Example: Here is the population model we will be making inferences about:
\[Y = \beta_{0}+\beta_{1}X_{1}+\beta_{2}X_{2}+\epsilon\]
\[\epsilon \sim N(0, \sigma^{2})\]
# Set the parameters
set.seed(32) # Seed for reproducibility
n <- 500 # Sample size
b0 <- 2 # Population Regression Intercept
b1 <- 1 # Population Regression Slope
sigma <- 4 # Population variance
x1 <- sample(
1:5,
size = n,
replace = TRUE,
prob = c(.10, .15, .15, .30, .30)
)
x2 <- sample(
1:5,
size = n,
replace = TRUE
)
# Generate dependent var.
y <- rnorm(
n = n,
mean = b0 + b1*x1 + 0*x2,
sd = sqrt(sigma)
)
mod <- lm(y ~ x1 + x2) # Estimate model
Call:
lm(formula = y ~ x1 + x2)
Residuals:
Min 1Q Median 3Q Max
-5.9736 -1.3566 -0.0707 1.3735 7.1174
Coefficients:
Estimate Std. Error t value Pr(>|t|)
(Intercept) 1.68456 0.32556 5.174 3.32e-07 ***
x1 0.95949 0.06873 13.960 < 2e-16 ***
x2 0.11486 0.06581 1.745 0.0815 .
---
Signif. codes: 0 '***' 0.001 '**' 0.01 '*' 0.05 '.' 0.1 ' ' 1
Residual standard error: 2.034 on 497 degrees of freedom
Multiple R-squared: 0.2859, Adjusted R-squared: 0.283
F-statistic: 99.48 on 2 and 497 DF, p-value: < 2.2e-16
Call:
lm(formula = y ~ x1 + x2)
Residuals:
Min 1Q Median 3Q Max
-5.9736 -1.3566 -0.0707 1.3735 7.1174
Coefficients:
Estimate Std. Error t value Pr(>|t|)
(Intercept) 1.68456 0.32556 5.174 3.32e-07 ***
x1 0.95949 0.06873 13.960 < 2e-16 ***
x2 0.11486 0.06581 1.745 0.0815 .
---
Signif. codes: 0 '***' 0.001 '**' 0.01 '*' 0.05 '.' 0.1 ' ' 1
Residual standard error: 2.034 on 497 degrees of freedom
Multiple R-squared: 0.2859, Adjusted R-squared: 0.283
F-statistic: 99.48 on 2 and 497 DF, p-value: < 2.2e-16
\[\text{P value} = P(Data|Model)\]
Most statistical programming languages report a P value based on the assumption that the effect under investigation is equal to 0.

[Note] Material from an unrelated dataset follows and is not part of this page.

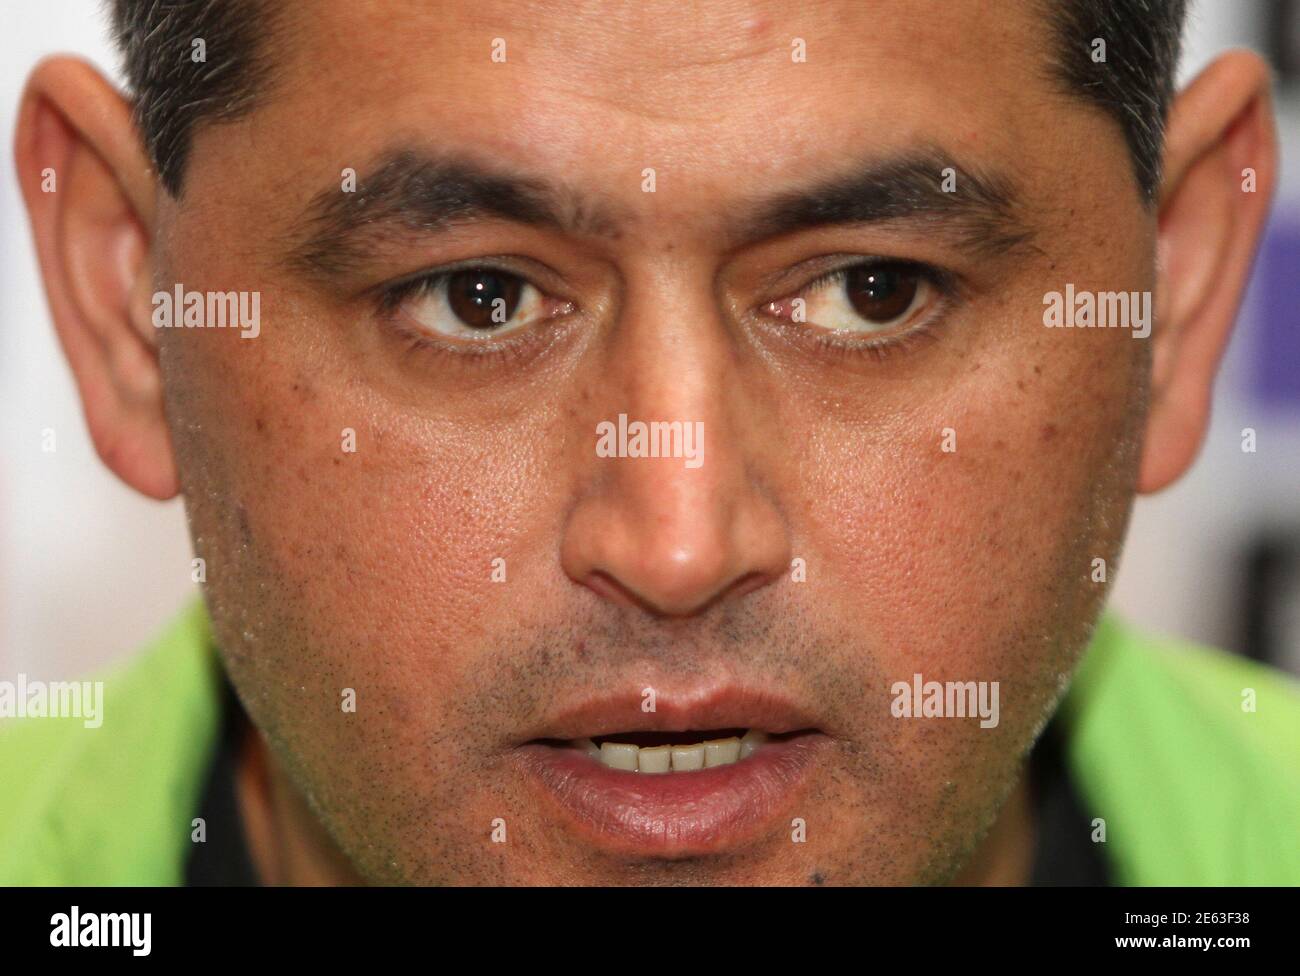 Paraguay's national soccer team coach Francisco Arce speaks during an interview in Asuncion August 24, 2011. Arce must curb his tempestuous nature and adhere to the discipline he admires in his 'second father' Luiz Felipe Scolari if he is to succeed with Paraguay, the new coach told Reuters. Picture taken August 24, 2011.        To match interview SOCCER-LATAM/PARAGUAY-ARCE         REUTERS/Jorge Adorno (PARAGUAY - Tags: SPORT SOCCER HEADSHOT) Stock Photo

The P value of 0.082 for \(X_{2}\) can be interpreted as: “Assuming all of our model assumptions are true including no effect of \(X_{2}\), the probability of seeing a value as or more extreme than 0.115 is 0.082.

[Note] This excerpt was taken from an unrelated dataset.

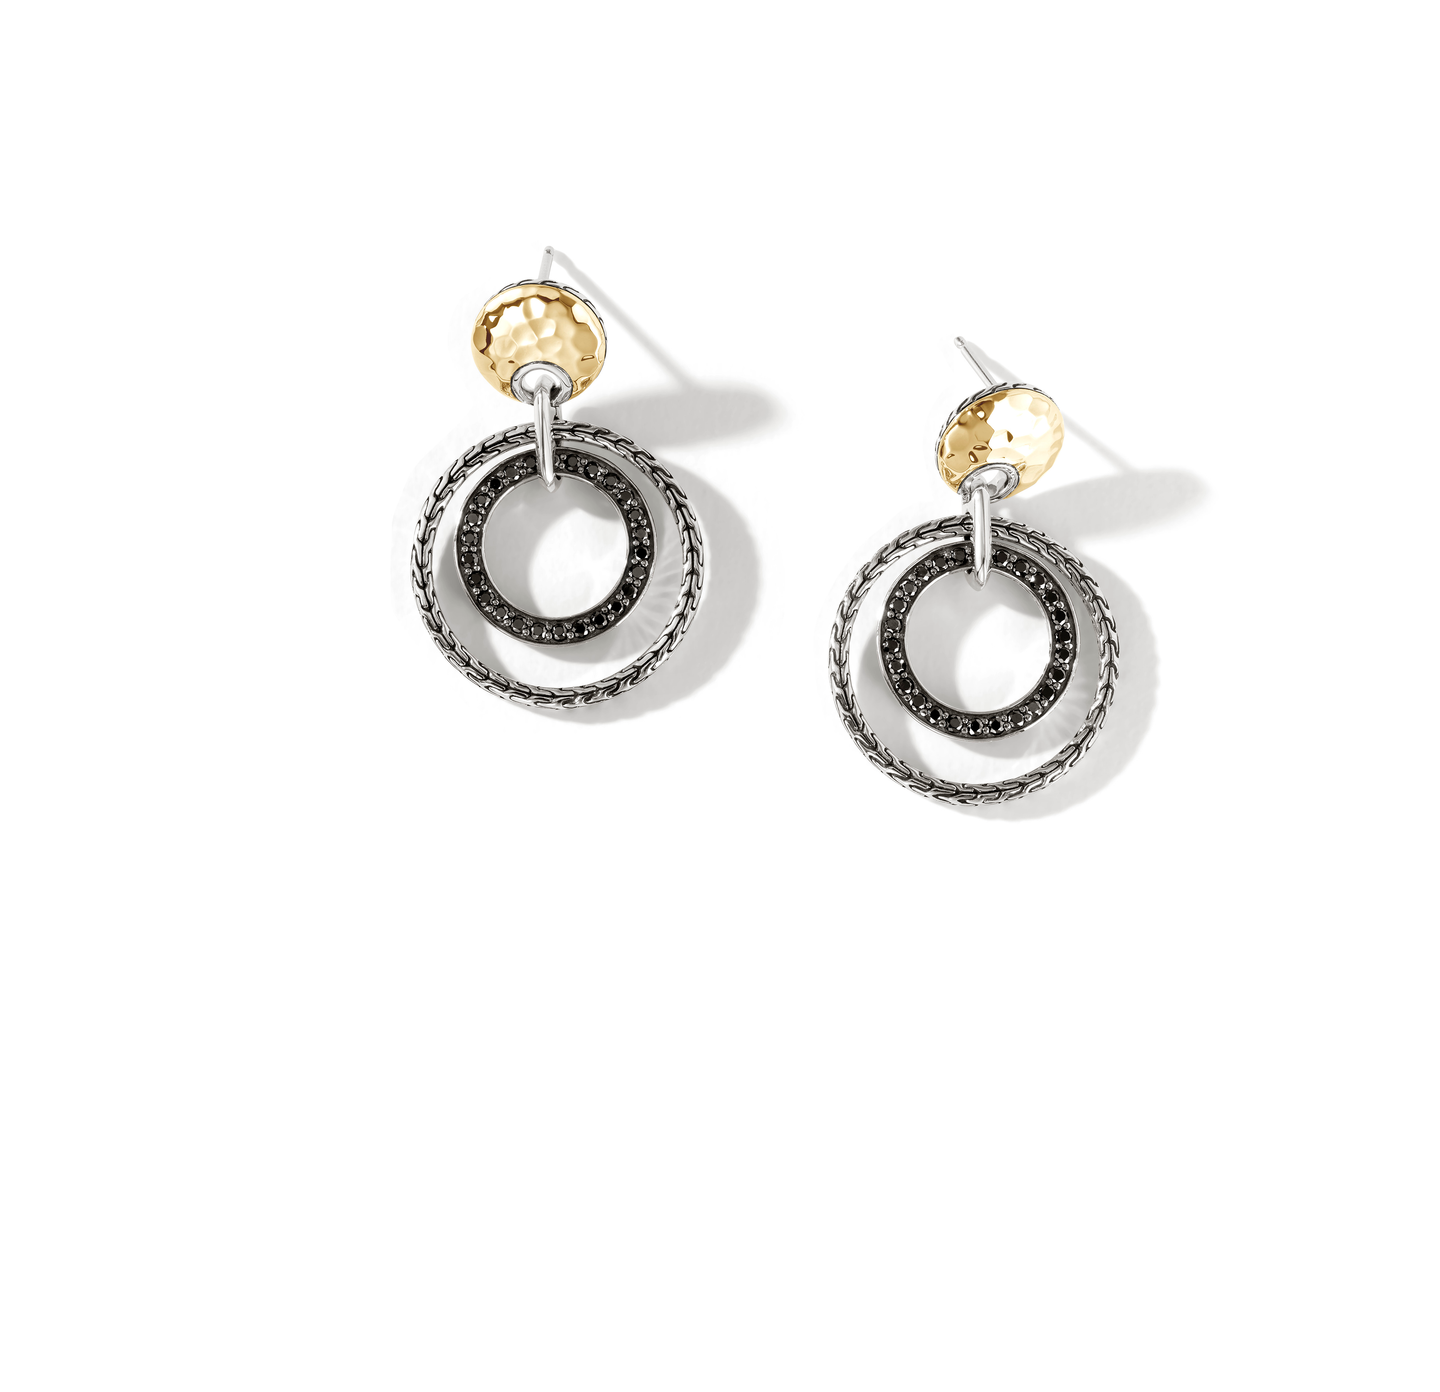 John Hardy Hammered Yellow Gold & Silver Earrings

\[T = \frac{Est. - H_{0}}{SE_{est.}}\]
\[\text{P Value}=2\times P(|T| \geq|t| \mid H_{0}=True, Model = True) \]
# X2 coefficient and SE
x2_beta <- summary(mod)$coef[3, 1]
x2_se <- summary(mod)$coef[3, 2]
# Test statistics
test_stat_0 <- (x2_beta - 0) / x2_se # Null = 0
test_stat_25 <- (x2_beta - .25) / x2_se # Null = .25
# P-value for x2 when null hypothesis = 0 (using a central T distribution)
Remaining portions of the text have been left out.